- Full disclosure: I was terminated for an alleged violation of a policy that did not exist in any document, agreement or employee handbook with circumstantial evidence. (Personal use of a company vehicle, which is widely regarded as a perk of the job.) I received no prior written or verbal warnings, a glowing performance review and achieved sales targets for all measurable sales periods.
- Sales numbers are not objective. Manual adjustments are used by senior management to avoid paying bonuses. For instance: Per the written incentive plan, sales numbers are based on gross sales and returns do not count against the rep's sales. I received a bonus statement stating I had achieved a $40k payout. Then, later received a call from a middle-manager saying my bonus was going to be reduced by $23k because senior managers decided they couldn't afford to pay the original bonus do to a major return from a key customer that affected my territory, but was decided on by the same senior managers. The prior sales year, sales were deducted from the entire sales force because of an alleged miscalculation of house account sales costing thousands of dollars in bonus payouts to the sales reps.
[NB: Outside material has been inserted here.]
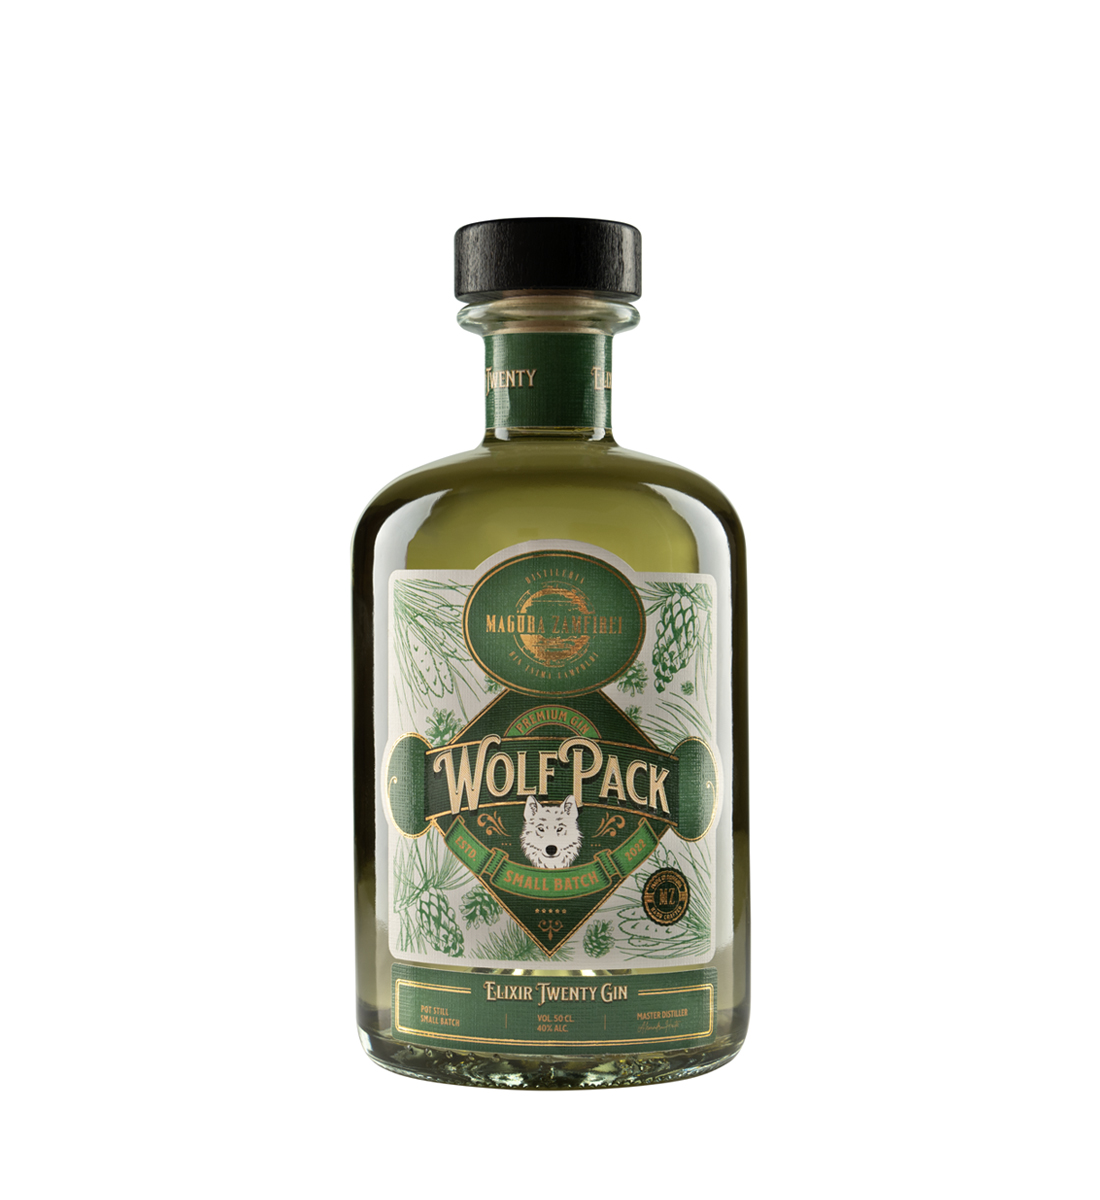 Magura Zamfirei Wolfpack Small Batch Elixir Twenty Gin 0.5L

- Reorganizations are constant. In my two years of employment I was moved between two different managers, three different product lines, and gaining and losing accounts and changing geographies on three different occasions. Customers are consistently confused as to who to contact, and employees constantly feel a lack of job security and confusion over sales numbers and expectations.
- Product availability dates are often pushed, frustrating customers who are planning on the product for class starts and sales reps who have worked hard to get the product in use.
- Disorganized. New-hire and ongoing training is poor, and is inconsistent. Systems are dated and the CRM system is excessively complex and needs a good cleaning. Marketing information is not consistent nor easily found which combined with the poor CRM system leads to many many inefficiencies.
- Management is widely known to retaliate against employees who are recruited by and offered positions with the competition.
- The only consistency in the company's strategy is how it radically changes every six months. The people developing the strategy are so out of touch with the customer base and the on-the-ground employees that the corporate strategy often fails. This is largely because execution is shoddy, communication is lacking, and plans also are never given enough time to make a difference.
- The place is an HR nightmare, but the HR staff and managers are often unprofessional and look the other way when blatant policy, ethics, and sexual harassment violations occur.